Pregnant Dog: Signs to Look Out For

Is your dog expecting? It would be beneficial if you provided it with the specific attention it requires throughout pregnancy. Whelping refers to the various ways you might prepare for labor and delivery. You need to learn how to be ready for your dog’s big day when it gives birth to those puppies.

Indicators That Your Dog Might Be Pregnant

Dogs are pregnant for around 63 days, beginning with the day they ovulate and ending with the day their puppies are born. Dogs, like humans, go through three trimesters, each lasting around 21 days. Here are a few signs that your dog is pregnant.

Early Warning Signs

Because there are few visible symptoms in the first several weeks, you may not notice a difference. Your dog will appear normal, though it may gain some weight.

Some dogs experience morning sickness for just a few days, around the third or fourth week. (Hormonal changes cause it.) Your pet may appear tired and eat less than normal. Some dogs vomit a bit. If yours does, feed them little meals throughout the day.

Mid-Way Indications

Take the dog to the vet immediately once you suspect it is pregnant. Taking them for a prenatal checkup two or three weeks after mating is advisable. Your veterinarian can answer any questions, such as what kind of food pregnant dogs should eat and what changes to expect. If your pet requires any testing, your veterinarian will notify you. Your veterinarian will treat them if they have parasites.

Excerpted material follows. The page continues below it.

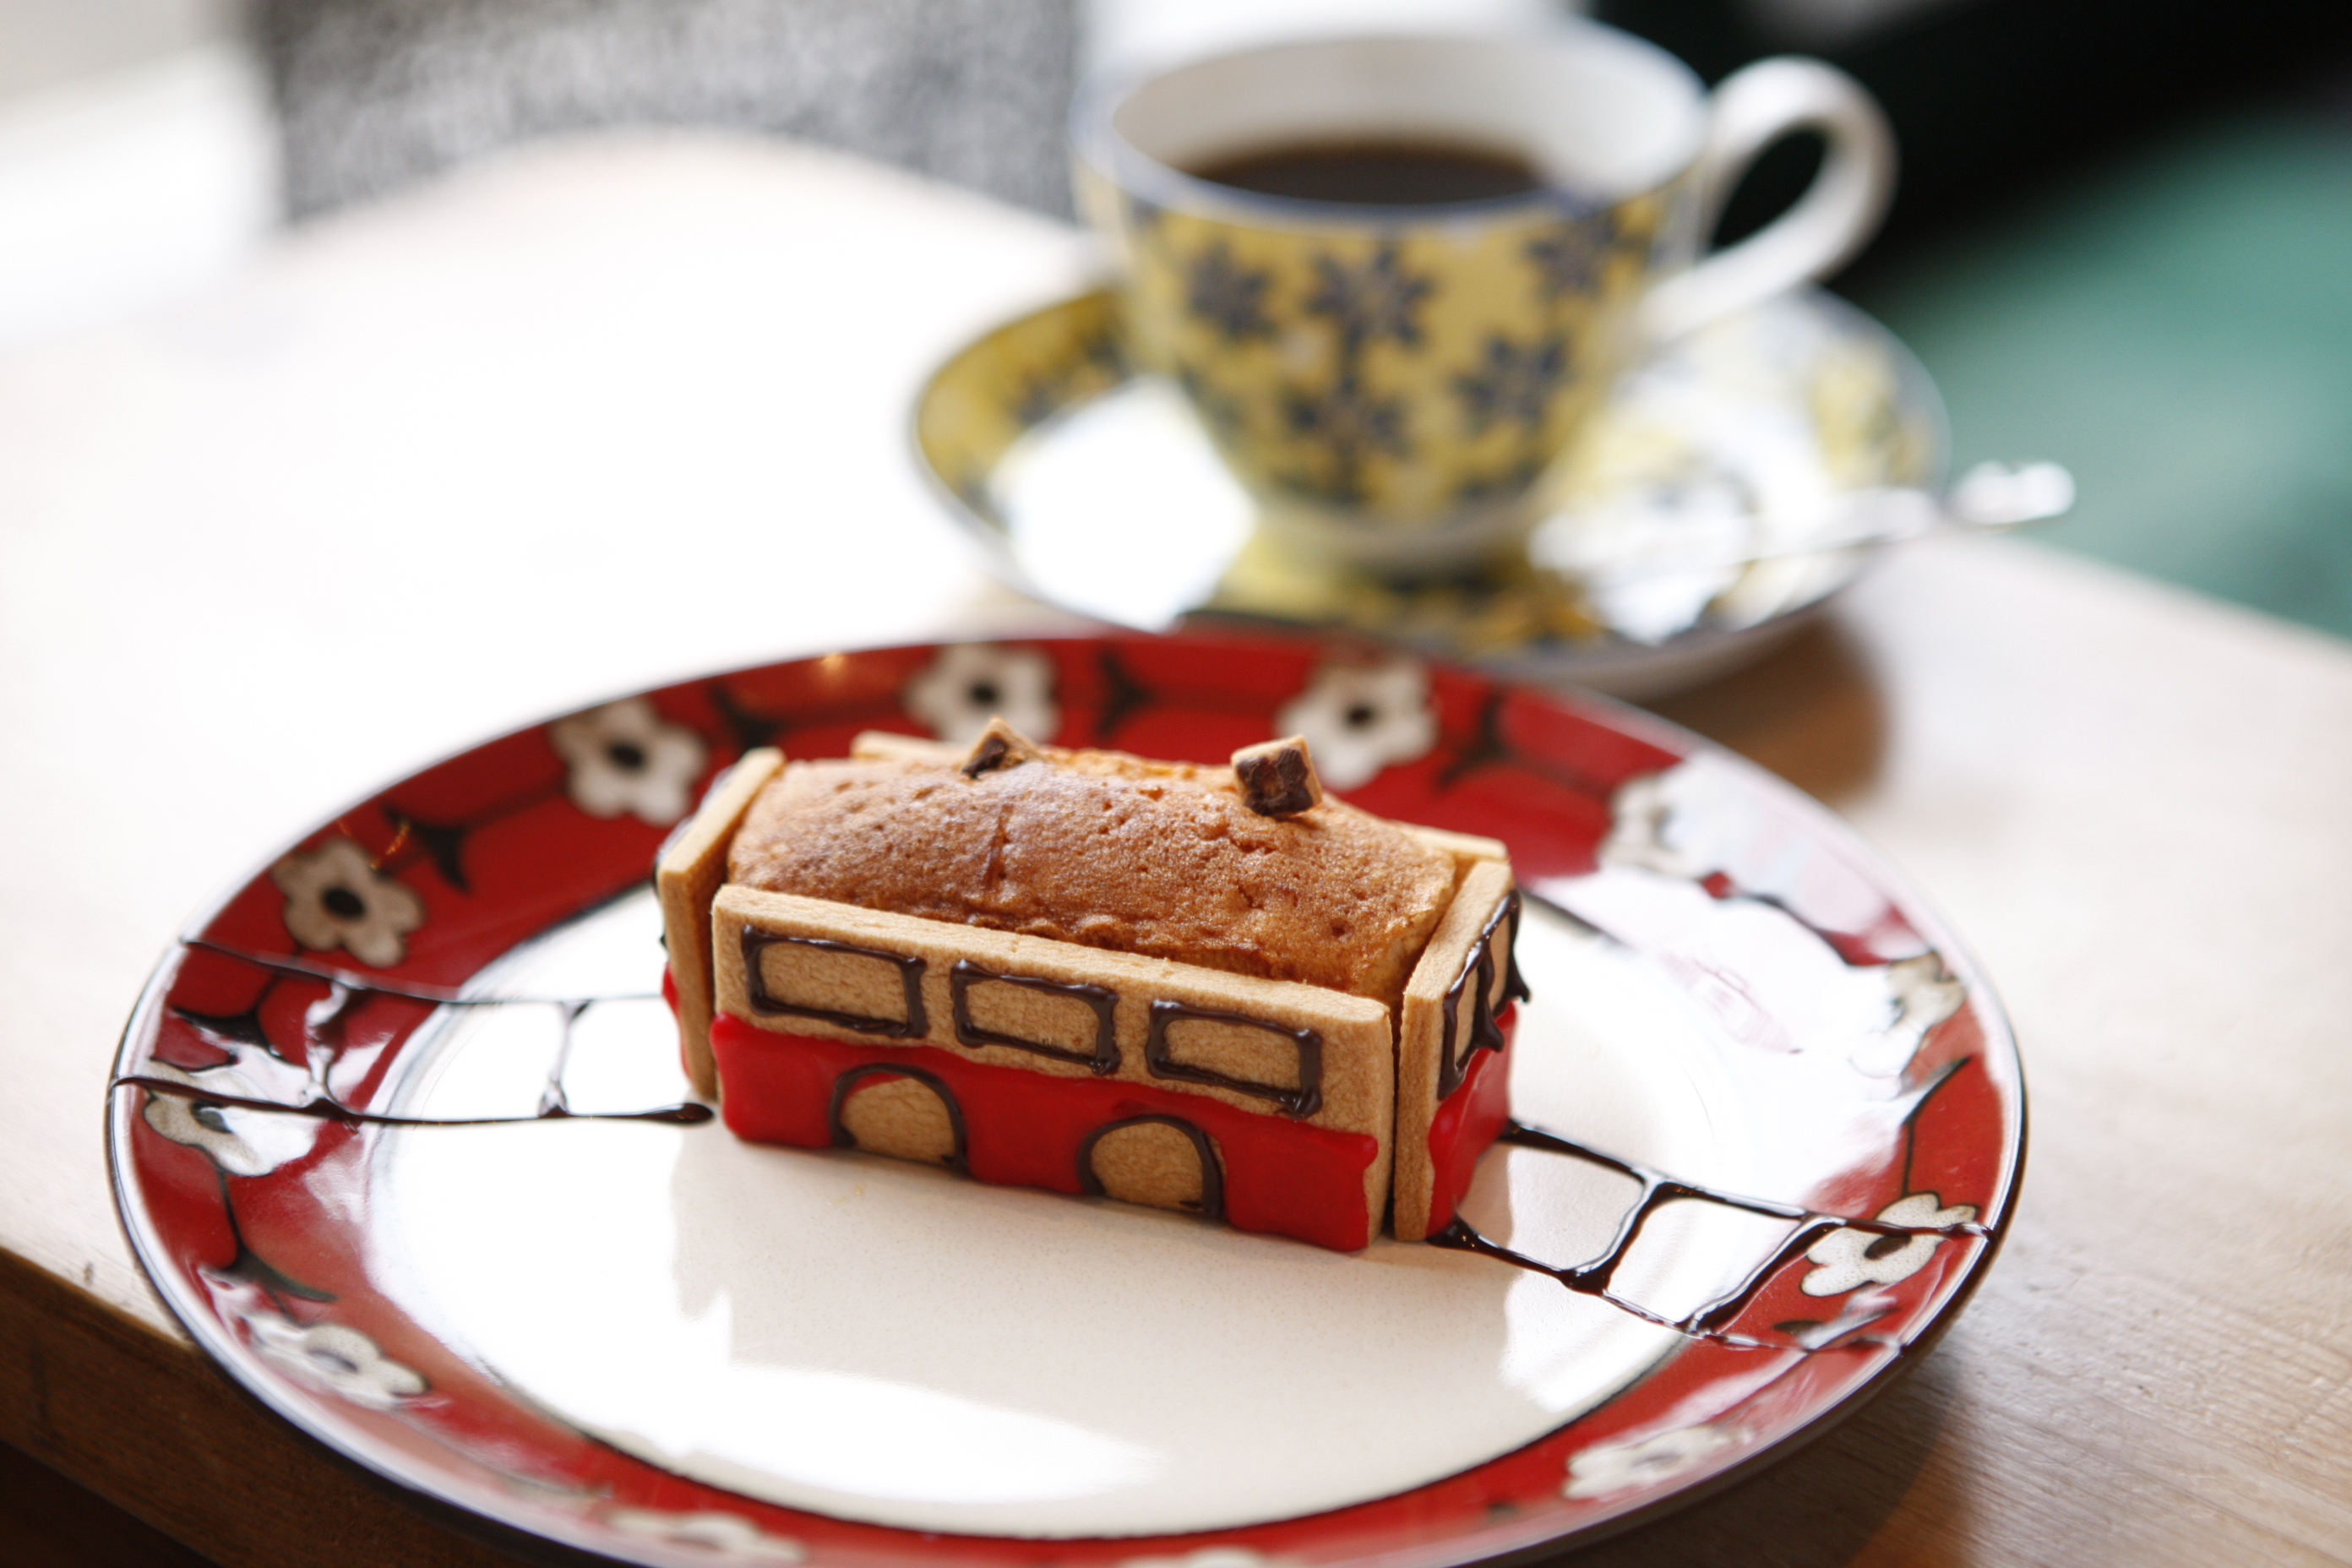 スタジオカフェ シマ 登山電車型のケーキがかわいい 強羅のカフェ 箱根辞典 By 自遊人

During your visit, your veterinarian can use an ultrasound to examine the growing puppies, usually around four weeks old. During pregnancy, ultrasound is completely safe. It creates an image of your dog’s womb using sound waves.

The vet may perform a blood test on your dog to determine its hormone levels. When dogs are pregnant, their levels of a hormone called relaxin rise. If you wait until the fourth week of pregnancy to take your dog to the vet, the doctor can feel your dog’s belly to confirm that pups are on the way. This approach is safe to use between the 28th and 35th days of pregnancy and should only be performed by a skilled professional. 

Touching the puppies too firmly can injure them or trigger a miscarriage. The puppies will be walnut-sized. They will be evenly placed along the uterus, forming the letter V. Each half, known as a horn, will contain embryos. You can also try to visit to get more info about it.

Later Indications

Your dog’s belly will become larger by the end of the second trimester. Their nipples will also become darker and larger around this time (around day 40). As the due date approaches, your pet’s breasts may expand, and a small amount of milky fluid may leak out.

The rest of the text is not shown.